Historically, the serologic testing algorithm for syphilis included an initial nontreponemal screening test, such as the rapid plasma reagin (RPR) or the VDRL tests. Because these tests measure the host's immune response to nontreponemal antigens, they lack specificity. Therefore, a positive result by RPR or VDRL requires confirmation by a treponemal-specific test, such as the fluorescent treponemal antibody-absorption (FTA-ABS) or microhemagglutination (MHA-TP) assay. Although the FTA-ABS and MHA-TP assays are technically simple to perform, they are labor intensive and require subjective interpretation by testing personnel.

 

As an alternative to the traditional syphilis screening algorithm, many laboratories utilize the reverse syphilis screening algorithm. This algorithm starts with an automated treponemal assay to detect antibodies specific to T pallidum. If this screening assay is positive, the sample is reflexed for testing by RPR, which, if positive, is reported with a titer and is indicative of active or recent syphilis infection. If the RPR is negative, the sample is reflexed to a second treponemal assay, such as the T pallidum particle agglutination (TP-PA) assay. If the TP-PA is positive, this would indicate previously treated or late-stage syphilis infection. Alternatively, if the TP-PA is negative, the initial positive screen is interpreted as a false positive result.

 

Patients with primary or secondary syphilis are typically tested by RPR to monitor response to treatment. Typically, RPR titers decrease following successful treatment, but this may occur over a period of months to years.
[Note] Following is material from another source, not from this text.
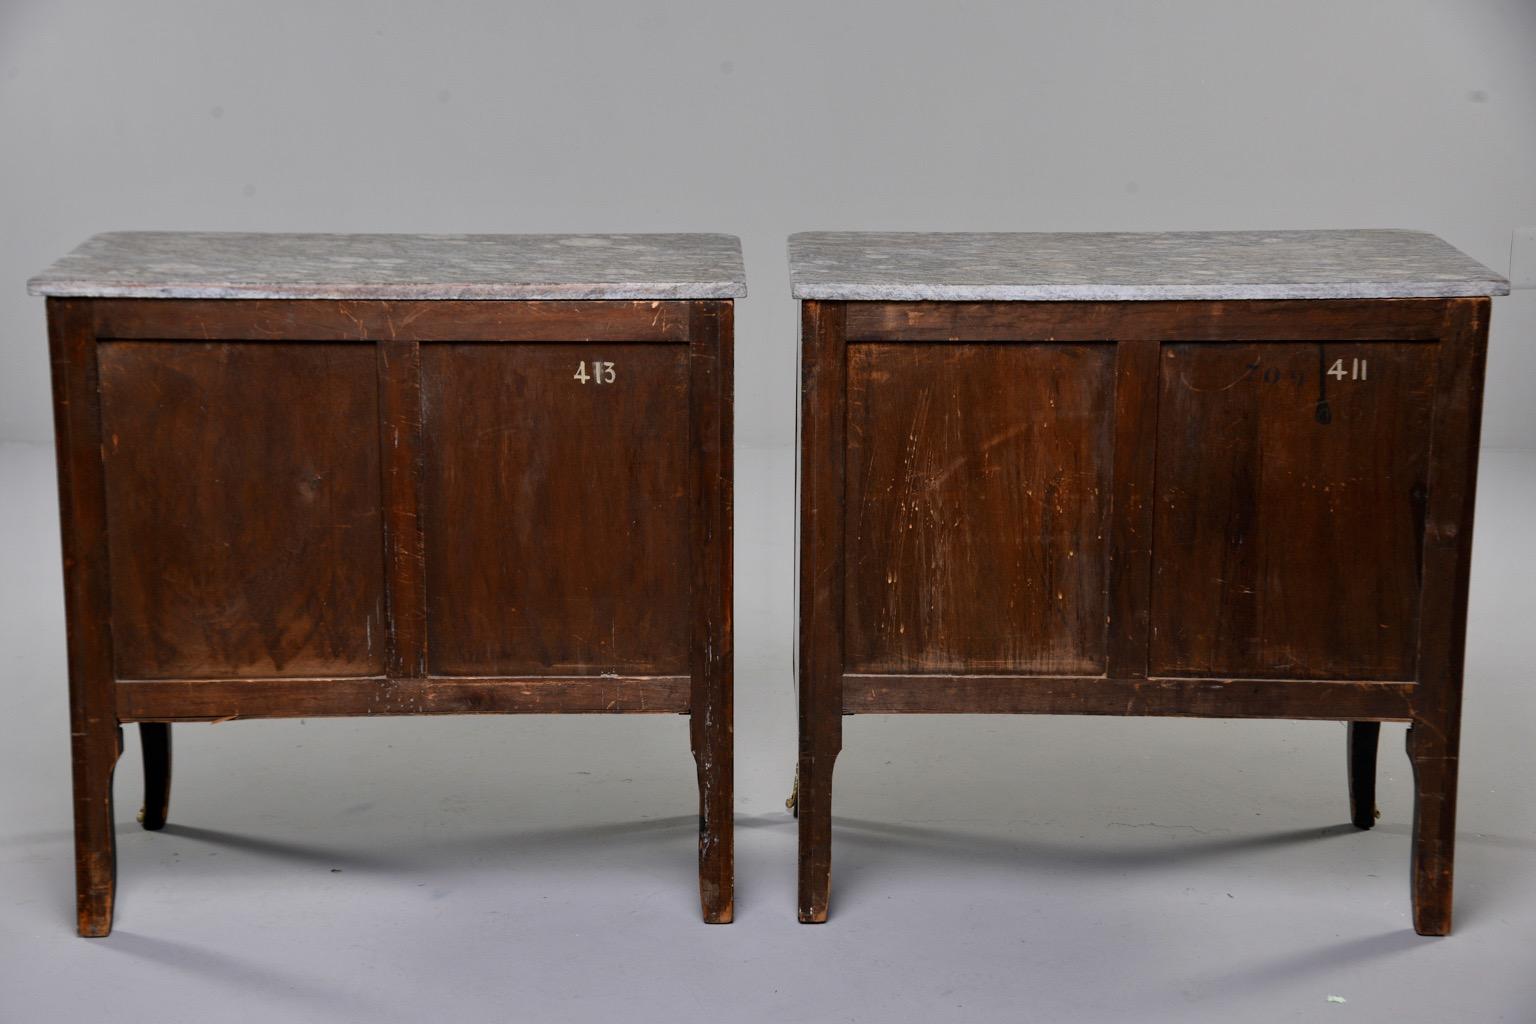 20th Century Pair of Louis XVI Style Mahogany Chests with Marble Tops

Additionally, testing of maternal and neonate serum, collected concurrently, by RPR can be used as an aid to diagnose congenital syphilis.

Cautions

This test should not be used as a primary diagnostic approach for syphilis. For patients with suspected, undiagnosed syphilis, a serum specimen should be submitted for a treponemal-specific antibody test (eg, SYPH1 / Syphilis IgG with Reflex, Enzyme Immunoassay, Serum).

 

Biological false-positive reactions with cardiolipin-type antigens have been reported in diseases such as infectious mononucleosis, leprosy, malaria, lupus erythematosus, vaccinia, and viral pneumonia. Pregnancy, autoimmune diseases, and narcotic addictions may give false-positive results. Pinta, yaws, bejel, and other treponemal diseases may also produce false-positive results with this test.

Day(s) Performed

Monday through Saturday

Report Available

Same day/1 to 4 days

Specimen Retention Time

14 days

Performing Laboratory

Mayo Clinic Laboratories in Rochester

Test Classification

This test has been cleared, approved, or is exempt by the US Food and Drug Administration and is used per manufacturer's instructions. Performance characteristics were verified by Mayo Clinic in a manner consistent with CLIA requirements.

CPT Code Information

86592

86593-Rapid Plasma Reagin Titer (if appropriate)

LOINC Code Information

Test ID Test Order Name Order LOINC Value
RPRT1 RPR Screen w/ Reflex to Titer,S 20507-0

 

Result ID Test Result Name Result LOINC Value
616863 RPR Screen w/ Reflex to Titer,S 20507-0

Forms

If not ordering electronically, complete, print, and send Infectious Disease Serology Test Request (T916) with the specimen.